20. The intraosseous infusion device of claim 1, wherein the main body having at least two lumens, wherein one of the lumens having a greater diameter than the remaining one or more lumens.

21. An intraosseous infusion device comprising: a main body having at least one lumen extending from a proximal end of the main body to a distal end of the main body, the at least one lumen is in fluid communication with at least one opening at the proximal end of the main body and at least one opening at the distal end of the main body; and an elongate sealing member comprising a left handed thread along a length thereof, wherein the left handed thread comprising a plurality of resiliency flexible ridges having variable widths and/or variable lengths.
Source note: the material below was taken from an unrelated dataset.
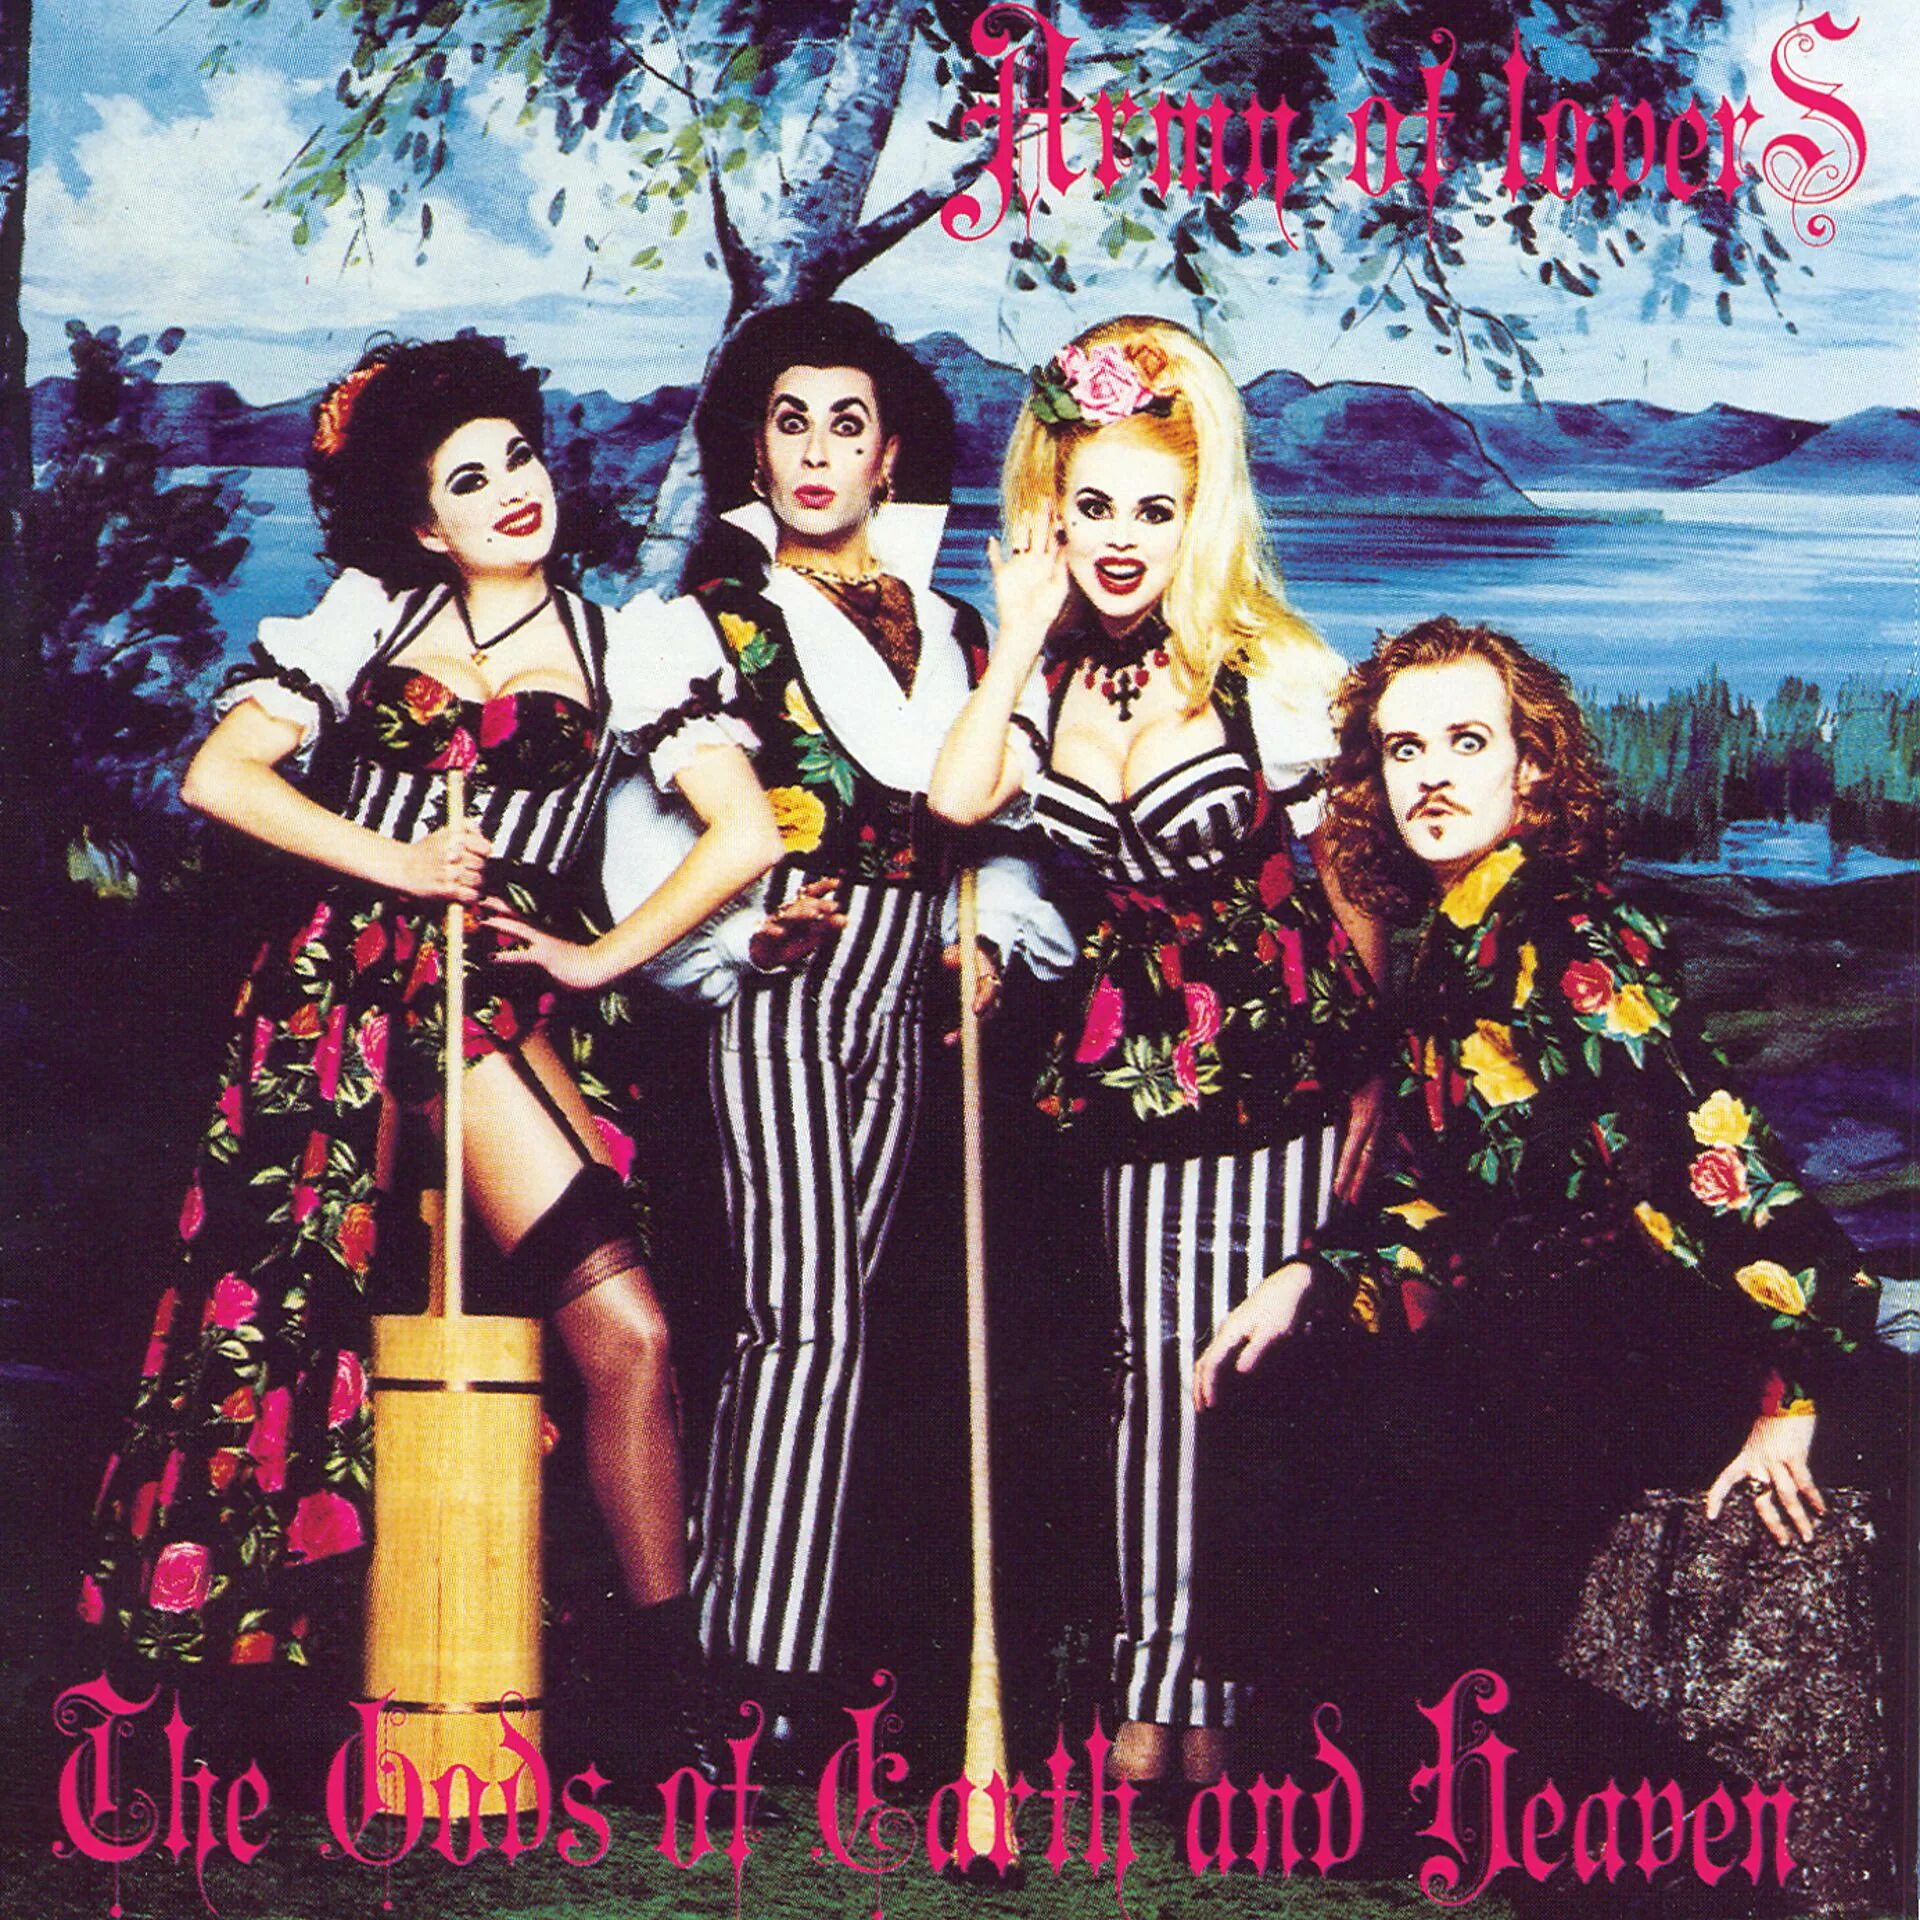 Carry my urn to ukraine перевод песни. Army of lovers the Gods of Earth and Heaven 1993. Группа Army of lovers. Army of lovers album the Gods of Earth and Heaven. Army of lovers 1993.
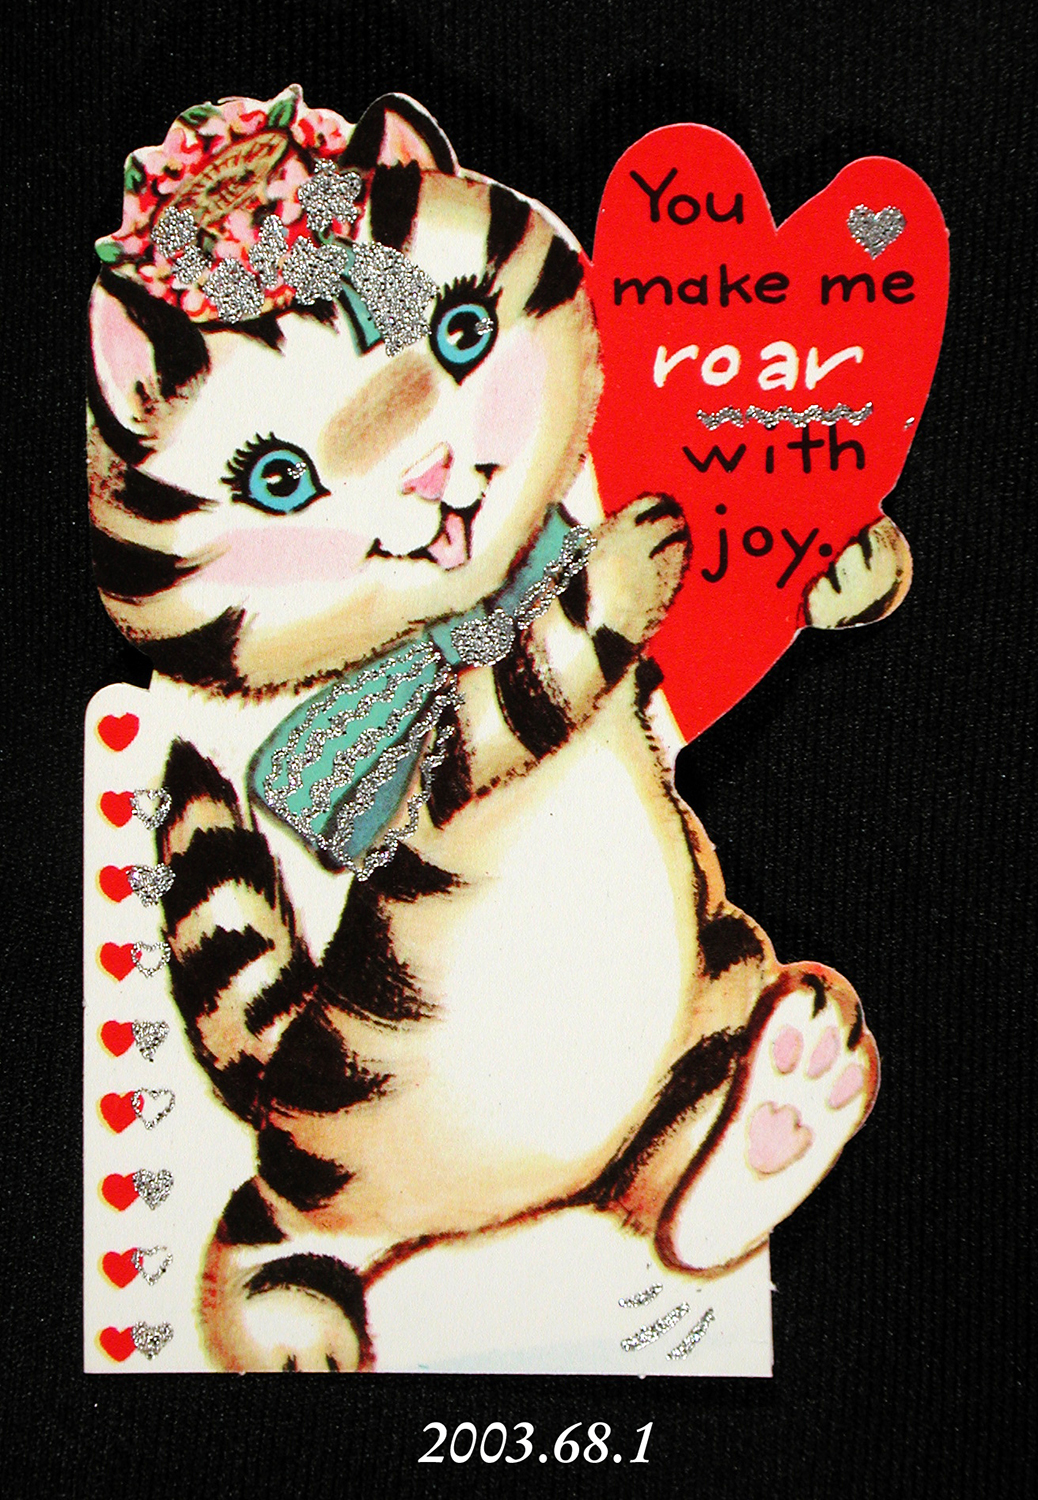 A glittery valentine card depicting a cat. It reads: "You make me roar with joy."

22. An intraosseous device introducer assembly comprising: a guide member comprising an elongate body for introduction through a hole drilled in a bone of a subject; and an intraosseous infusion device comprising: i) a main body having at least one lumen extending from a proximal end of the main body to a distal end of the main body, the at least one lumen is connected to at least one opening at the proximal end of the main body and at least one opening at the distal end of the main body; and

ii) an elongate sealing member comprising a plurality of resiliency flexible ridges arranged on a side surface of the main body, wherein the plurality of resiliently flexible ridges having variable widths and/or variable lengths;

wherein said intraosseous infusion device is slid able over the guide member.

23. The intraosseous device introducer assembly of claim 22, wherein the guide member further comprising a retention member positioned at or adjacent to the elongate body, the retention member comprising a plurality of flexible arms, wherein the flexible arms moveable from a first extended configuration to a second reduced profile configuration.